Ответ дала королева, но Рошар претворил его в действительность. Он пересек тесное пространство кузницы и положил ладонь на щеку Арину. Таким жестом геранцы выражали родство. Королева улыбнулась, когда Арин ответил тем же, и затем сказала свое слово — прекрасное, смертельное, маленькое и горячее, как дыра в кухонной двери. В тот момент Арину больше ничего не было нужно.

— Да.

* * *

Арин возвращался после принятия ванны. Черным порохом у него было измазано все лицо. Волосы. Даже зубы. Он выглядел так, будто пережил пожар. Арин вымылся, обратив внимание на большой синяк, который расцвел на его покрытом шрамами плече и протянулся к груди. Затем он вернулся в свою комнату, чтобы собрать вещи.

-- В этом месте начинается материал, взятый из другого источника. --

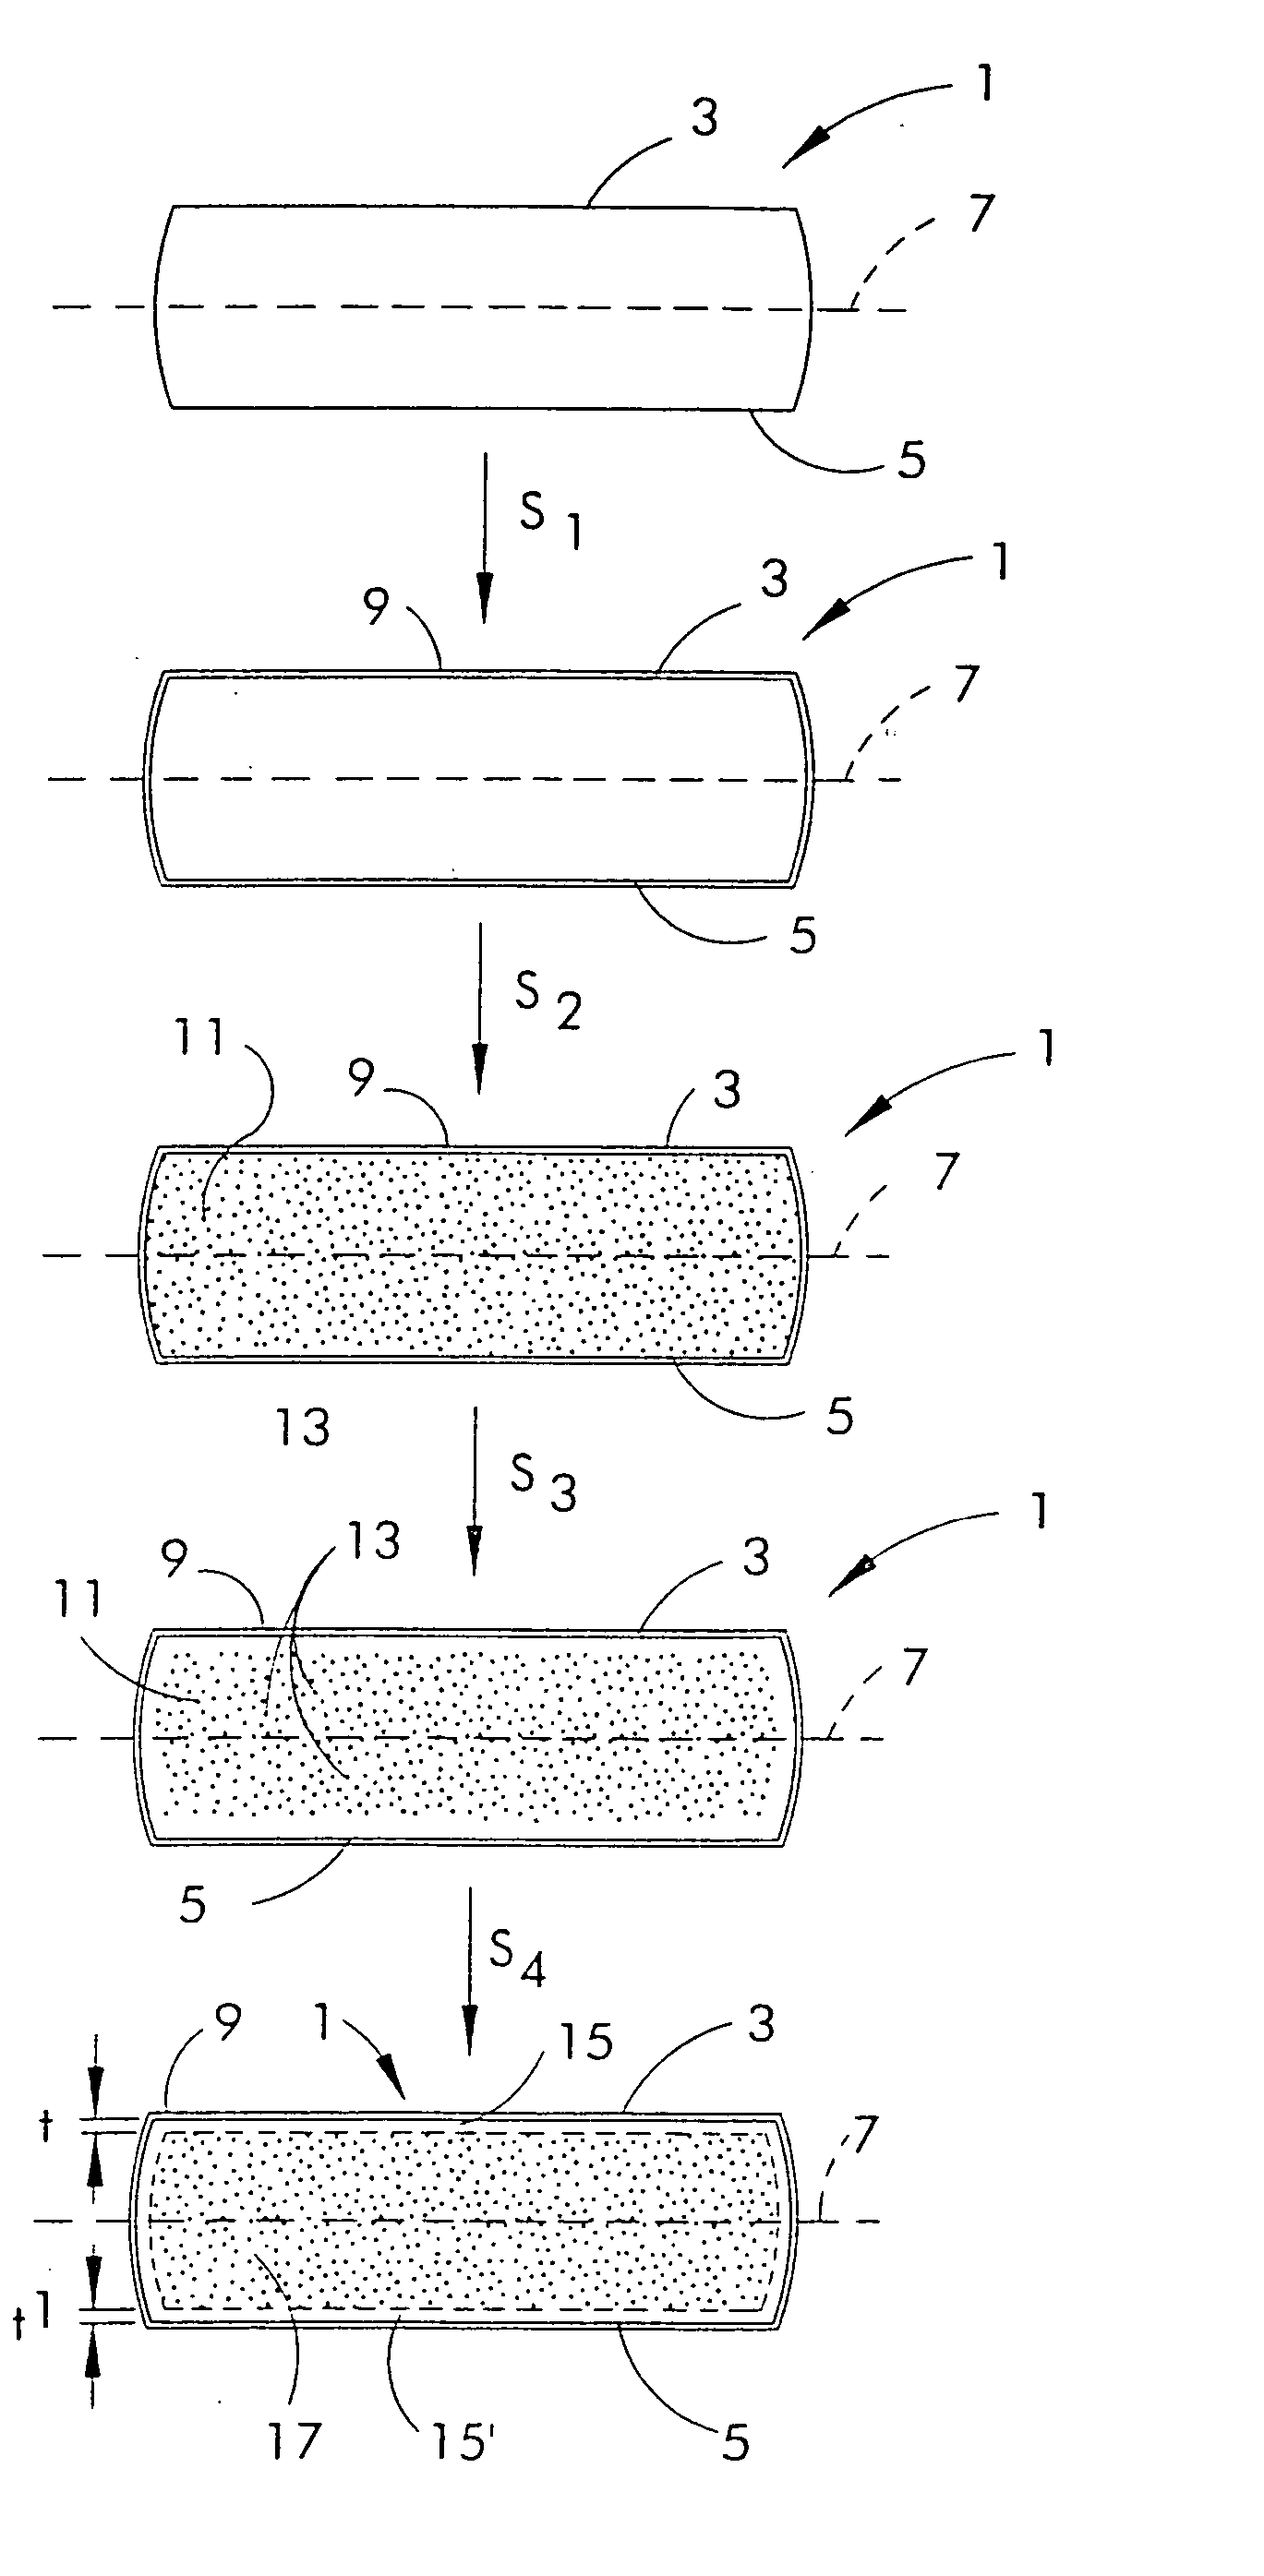 Process for implementing oxygen into a silicon wafer having a region which is free of agglomerated intrinsic point defects

У двери его ждала королева. Она открыла дверь и пропустила его вперед. Арин подумал, что она хочет обсудить что-то с ним наедине, возможно, детали союза, и молчал. Когда королева тоже вошла и мягко закрыла за собой дверь, он сказал:

— Мой народ должен узнать о новостях. Мне нужно уехать.

Королева подошла к нему, затем придвинулась еще ближе. Она протянула руку и запустила пальцы в его влажные волосы. Арин замер. Легонько коснувшись щекой его щеки, королева поднесла горячие губы к его уху.

— Да, — проговорила она. — Но не сейчас.

Глава 41

Он поцеловал ее. Ее губы приоткрылись под прикосновением его. Она обвила его руками. Арин испытал странное, незнакомое чувство. Он расслабился — так ведь и нужно было? Королева, кажется, считала, что да.

Арин вспомнил свою жажду. Но жажду не этого. Однако королева ласкала его, и он принимал ее ласки и отвечал тем же, хотя все это время осознавал, чего хочет на самом деле. Он попытался воспротивиться этому желанию, и мысль о Кестрел, о той чудовищной жажде — такой глупой, такой неправильной — заставила его замереть. Он отстранился. Арин скрипнул зубами и задержал дыхание в жгучей ярости на себя.

— Арин? — произнесла королева.

Он снова поцеловал ее, еще более страстно. На этот раз он почти забылся. Эмоции наполнили его. Оторвали от действительности. Это было прекрасное чувство. Арин устал от того, что угнетало его до сих пор. Он забыл обо всем этом.

Вот только... он вспомнил другие поцелуи, раньше. Невозможно было их не вспомнить.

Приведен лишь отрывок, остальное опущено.